---
title: "Thresholding Images"
date: "`r Sys.Date()`"
output: rmarkdown::html_vignette
vignette: >
  %\VignetteIndexEntry{Thresholding Images}
  %\VignetteEngine{knitr::rmarkdown}
  %\VignetteEncoding{UTF-8}
---

```{r setup, include=FALSE}
if (utils::packageVersion("knitr") >= "1.20.15") {
  knitr::opts_chunk$set(
    collapse = TRUE,
    comment = "#>",
    fig.width = 7, fig.height = 6,
    tidy = "styler"
  )
} else {
  knitr::opts_chunk$set(
    collapse = TRUE,
    comment = "#>",
    fig.width = 7, fig.height = 6
  )
}
```

# Thresholding Images

Although this package is for thresholding anything at all, it has added functionality for thresholding images. This vignette is all about thresholding single-frame, grayscale images. There's [another vignette](https://rorynolan.github.io/autothresholdr/articles/thresholding-image-stacks.html) about thresholding stacks of grayscale images.

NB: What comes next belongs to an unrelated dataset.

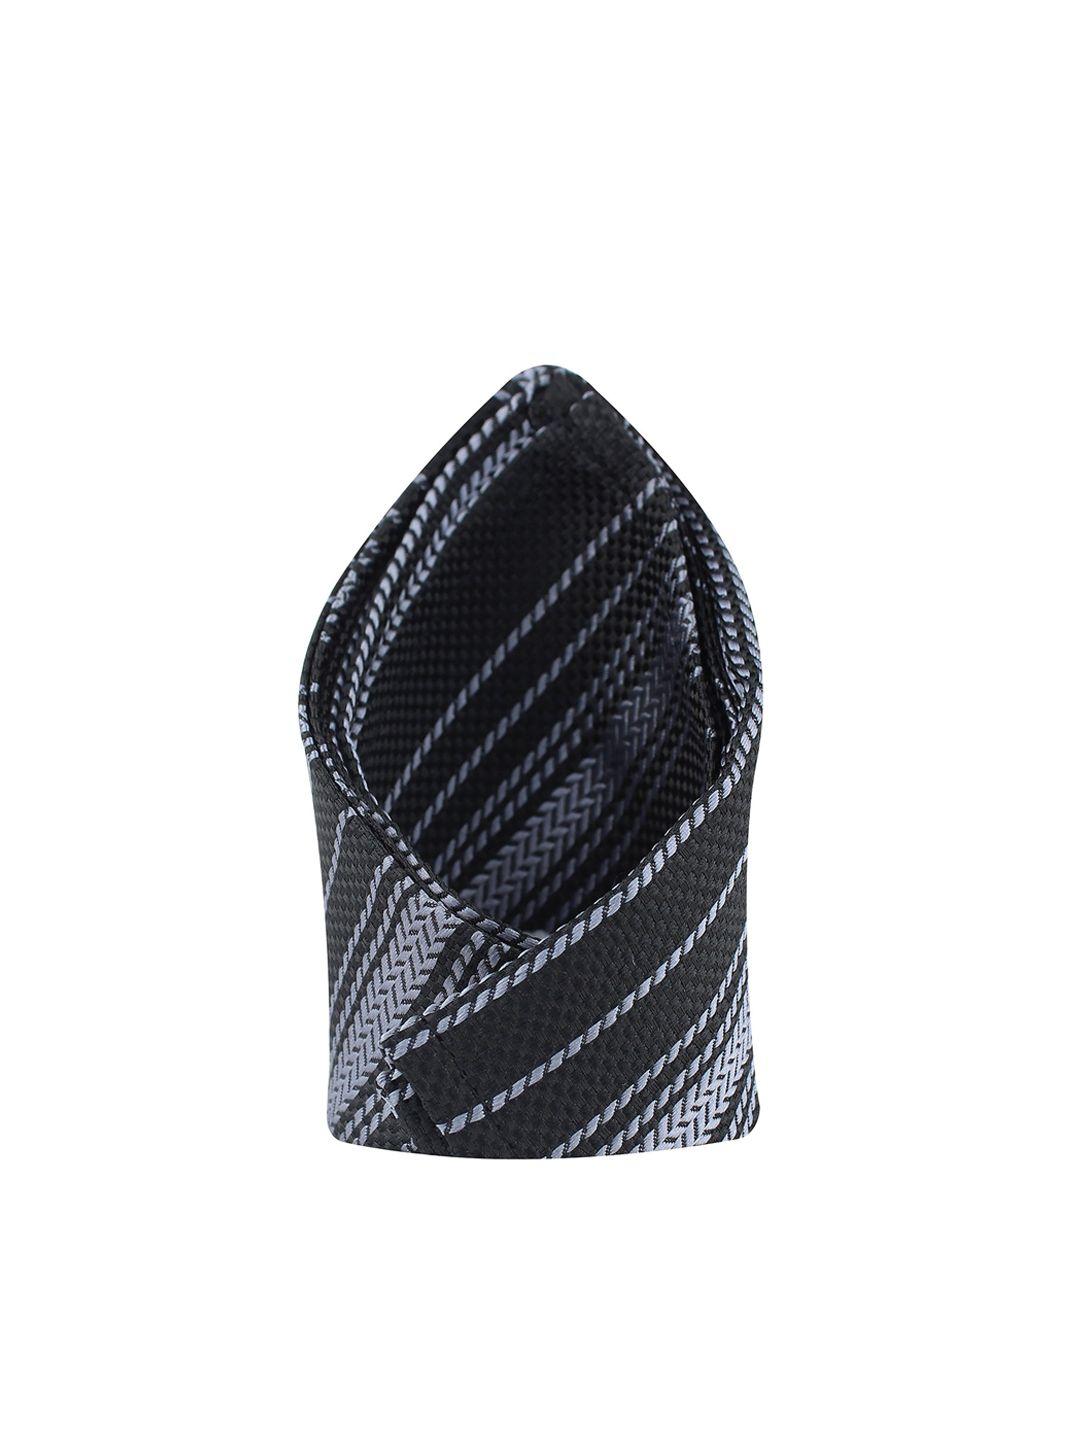 kovove black & grey striped pocket square
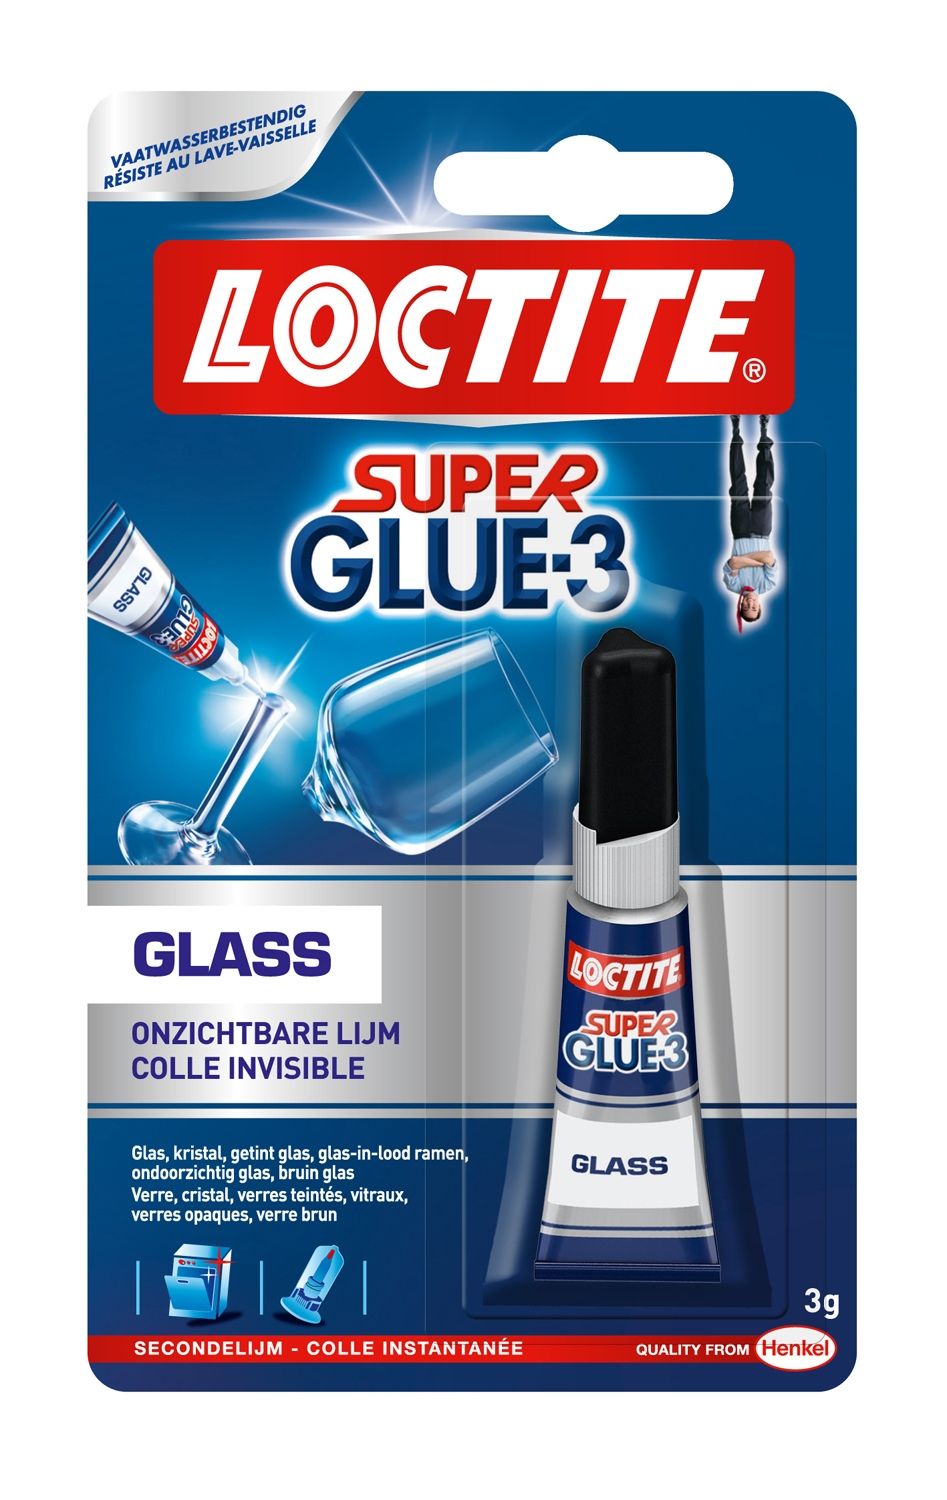 Les produits   Colle et adhésif - Colle Super glue 3 Universal  liquide tube 3g LOCTITE

```{r load libraries, results='hide'}
library(autothresholdr)
```

We'll be using the image that comes with the package:

```{r the image}
img <- ijtiff::read_tif(system.file("extdata", "fiji_eg.tif",
  package = "autothresholdr"
))
dim(img)
ijtiff::display(img) # displays first channel, first frame
```

It's a picture of cells, the black part is where the cells are not. The threshold is supposed to tell us what is *dark* (not cell) and what is *bright* (cell). By playing around, we may discover that something like 20 might (for some purposes) be a good value.

```{r guess twenty}
ijtiff::display(img[, , 1, 1] > 20)
```

But what if we have many images and we don't want to *play around*, we want a method of calculating the threshold automatically. https://imagej.net/plugins/auto-threshold gives many such methods and they are provided to you in R via this package. Go to that webpage for a nice comparison of the methods.

The function `auto_thresh()` finds the threshold, `mask()` gets the mask (an array with a `TRUE` for elements exceeding the threshold and `FALSE` elsewhere) and `apply_mask()` applies the mask to the original image by setting the elements that don't exceed the threshold to `NA`.

Let's see each with "Triangle" thresholding.

```{r thresh mask apply}
auto_thresh(img, "tri")
ijtiff::display(mask(img, "tri"))
ijtiff::display(apply_mask(img, "tri"))
```

In this last image, the `NA` pixels are grey.